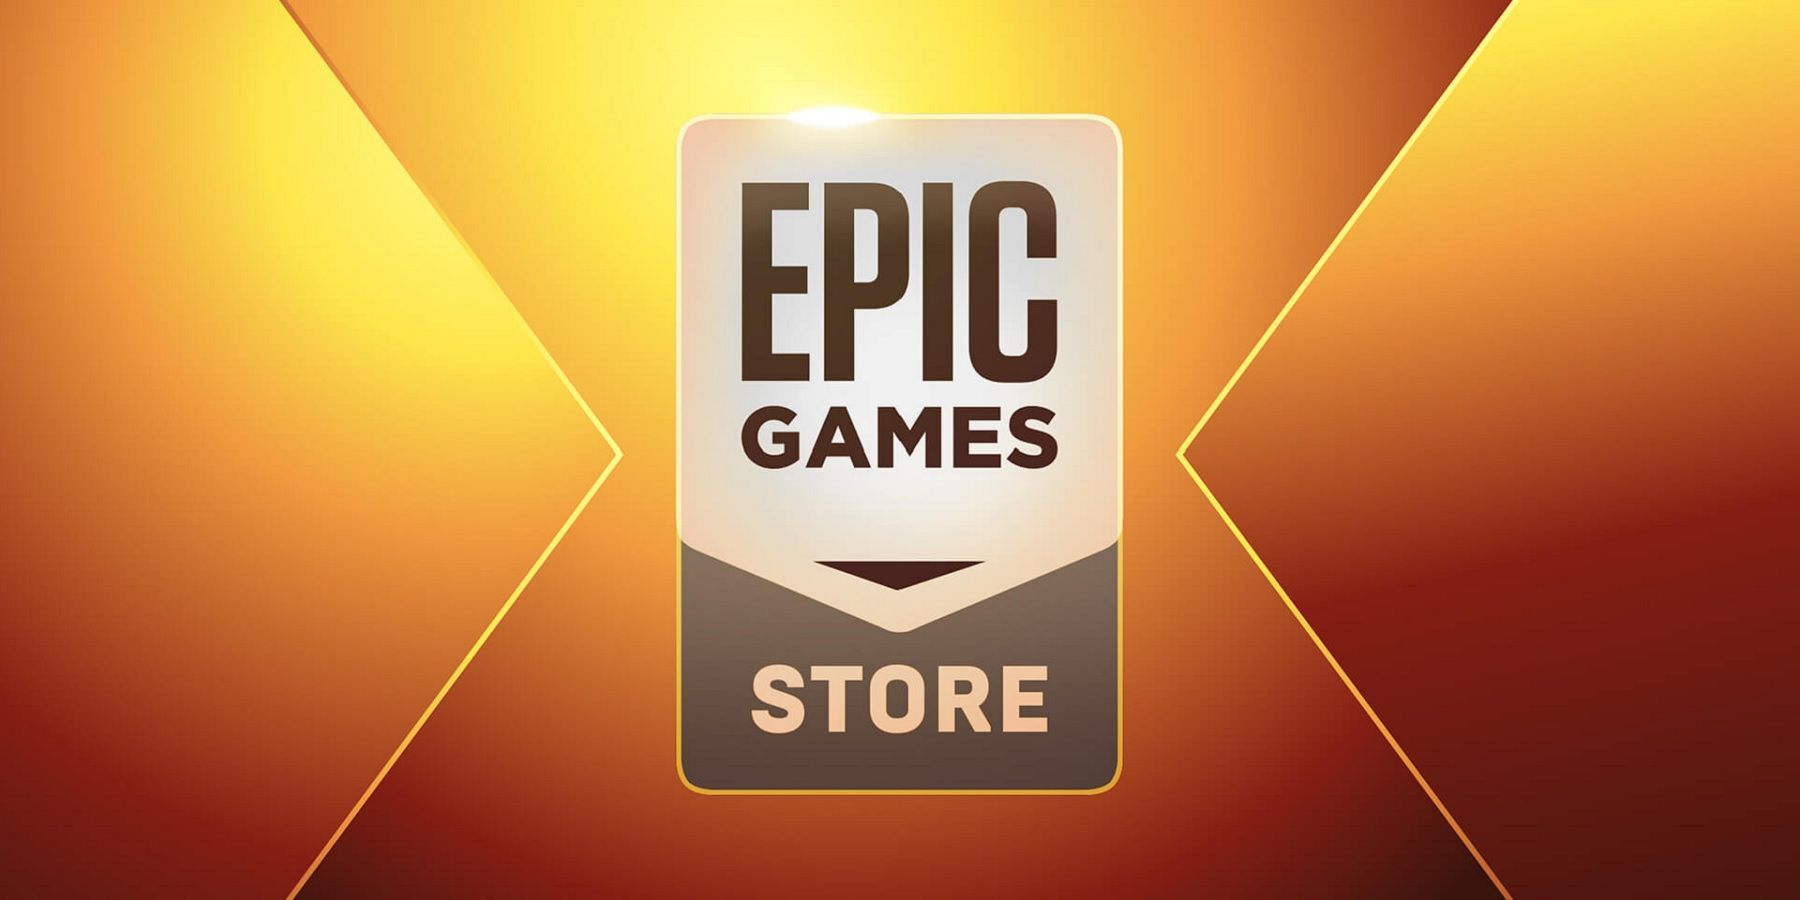 3 free games from the Epic Games Store until January 19, 2023 - News by  Xiaomi Miui Hellas
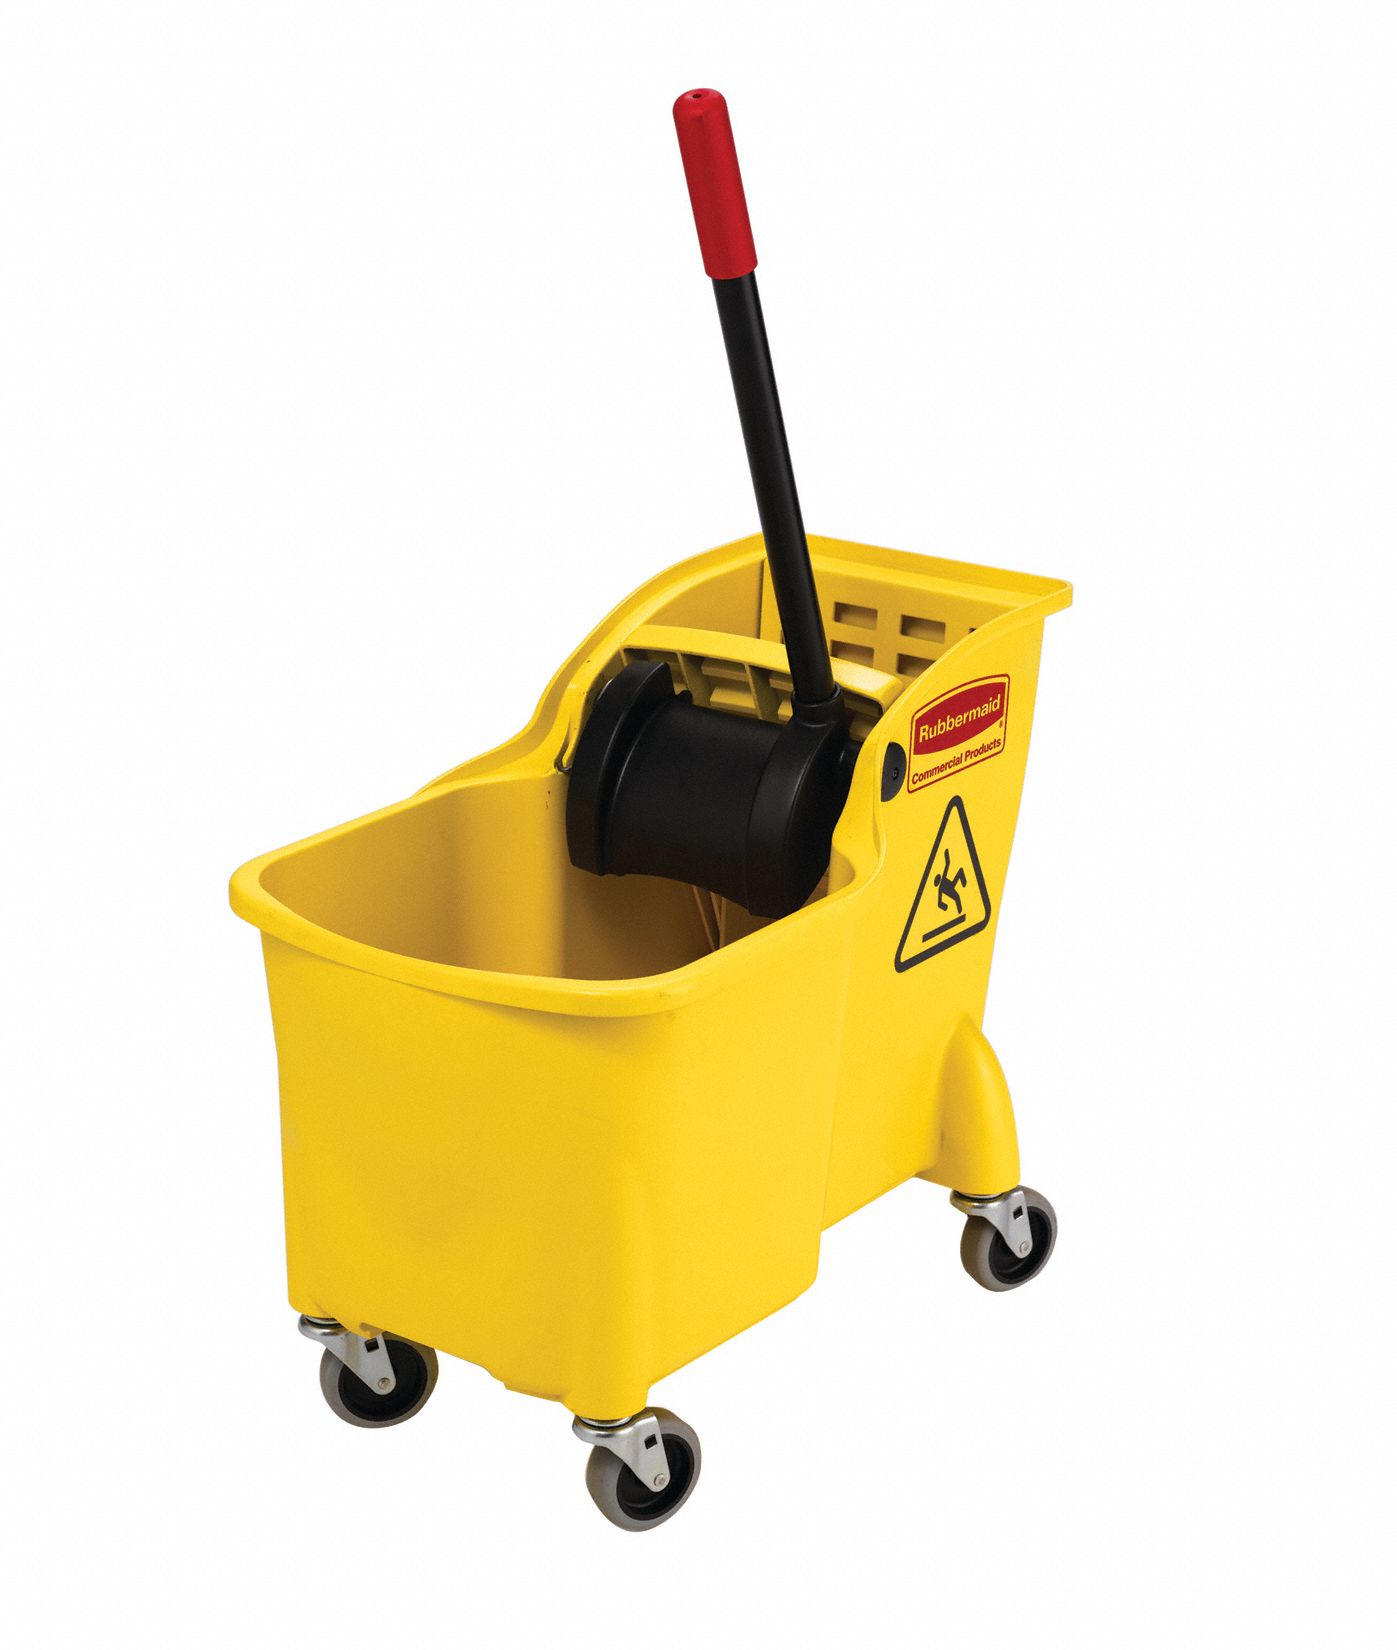 WRINGER-24QT-YEL Side Press Wringer Replacement for Mop Bucket 24 qt Yellow 
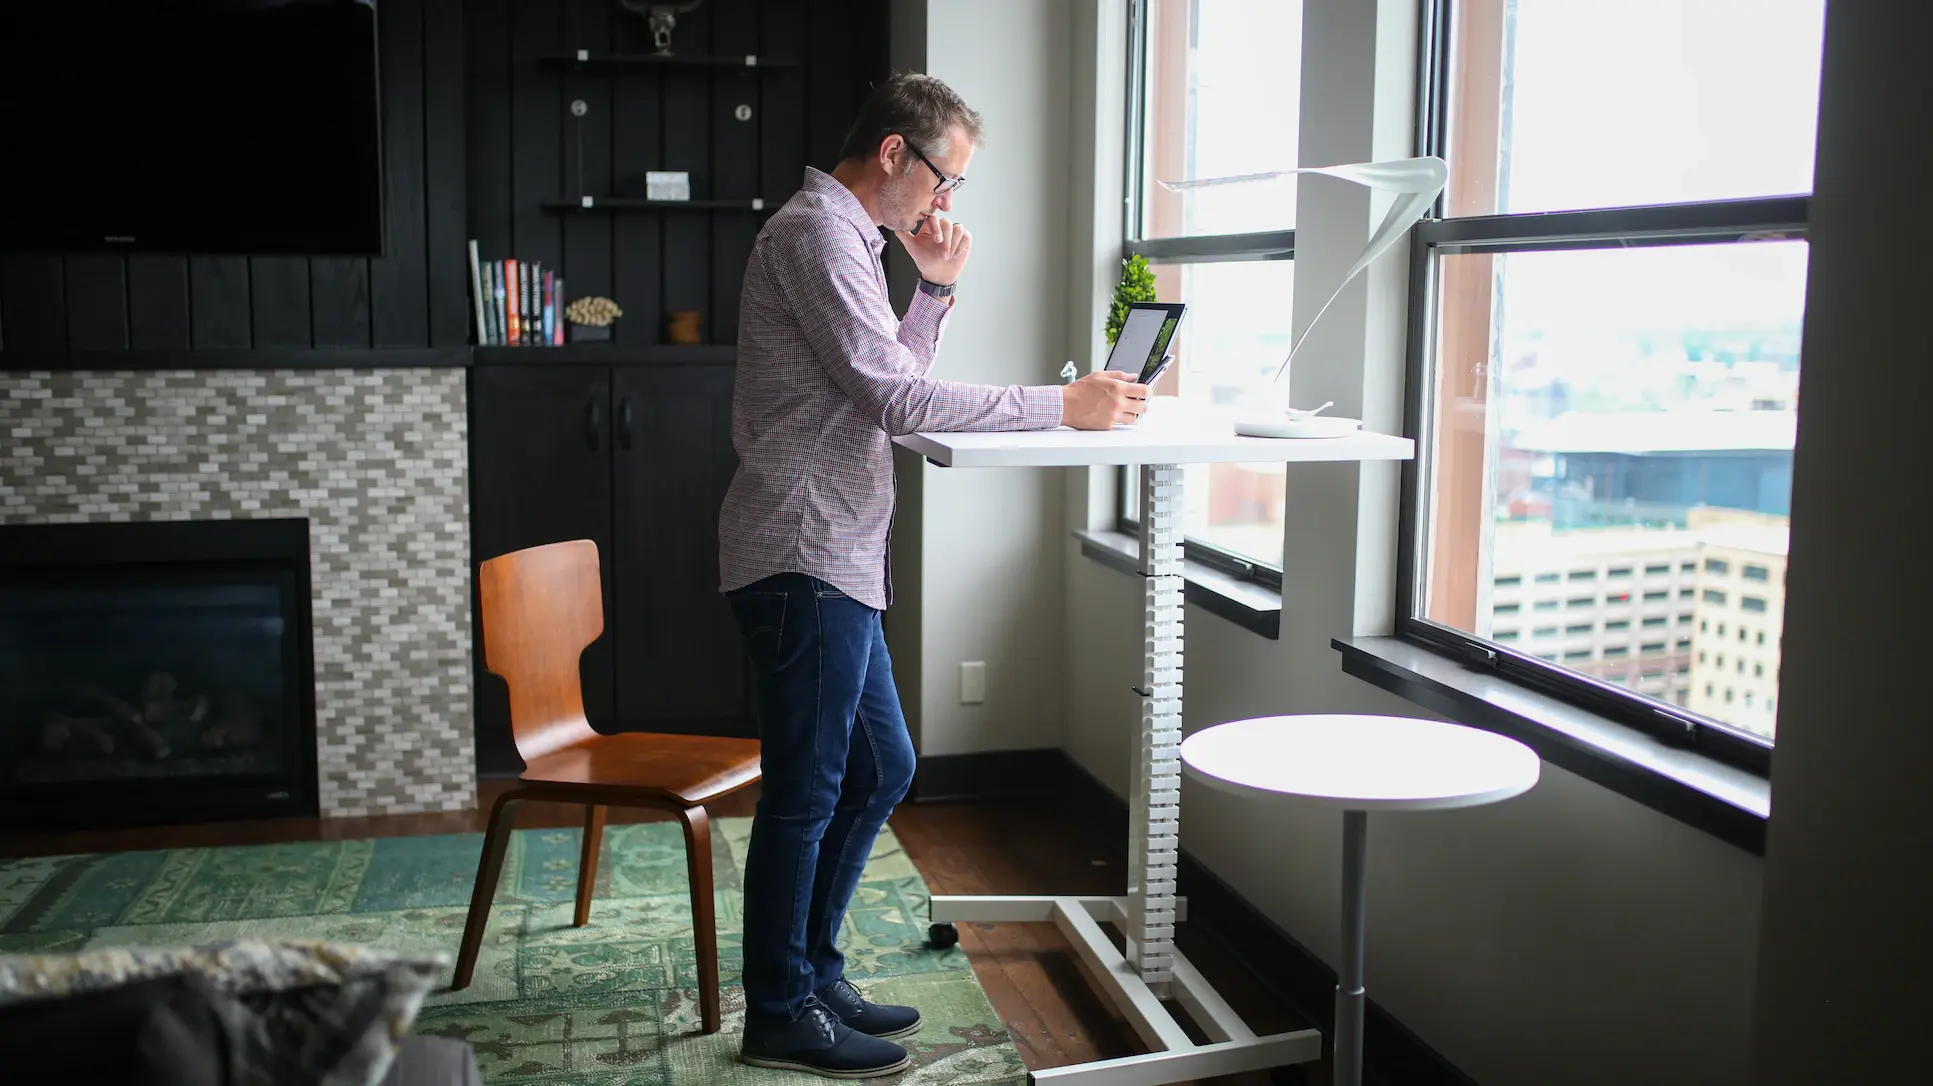 7 Must-Have Work-From-Home Gadgets for Remote Workers

....

### WORK INSTRUCTION
The listing above, line by line: print it exactly, but not its pictures.

### SOLUTION TO THIS EXERCISE
 3 free games from the Epic Games Store until January 19, 2023 - News by  Xiaomi Miui Hellas
 WRINGER-24QT-YEL Side Press Wringer Replacement for Mop Bucket 24 qt Yellow 
 7 Must-Have Work-From-Home Gadgets for Remote Workers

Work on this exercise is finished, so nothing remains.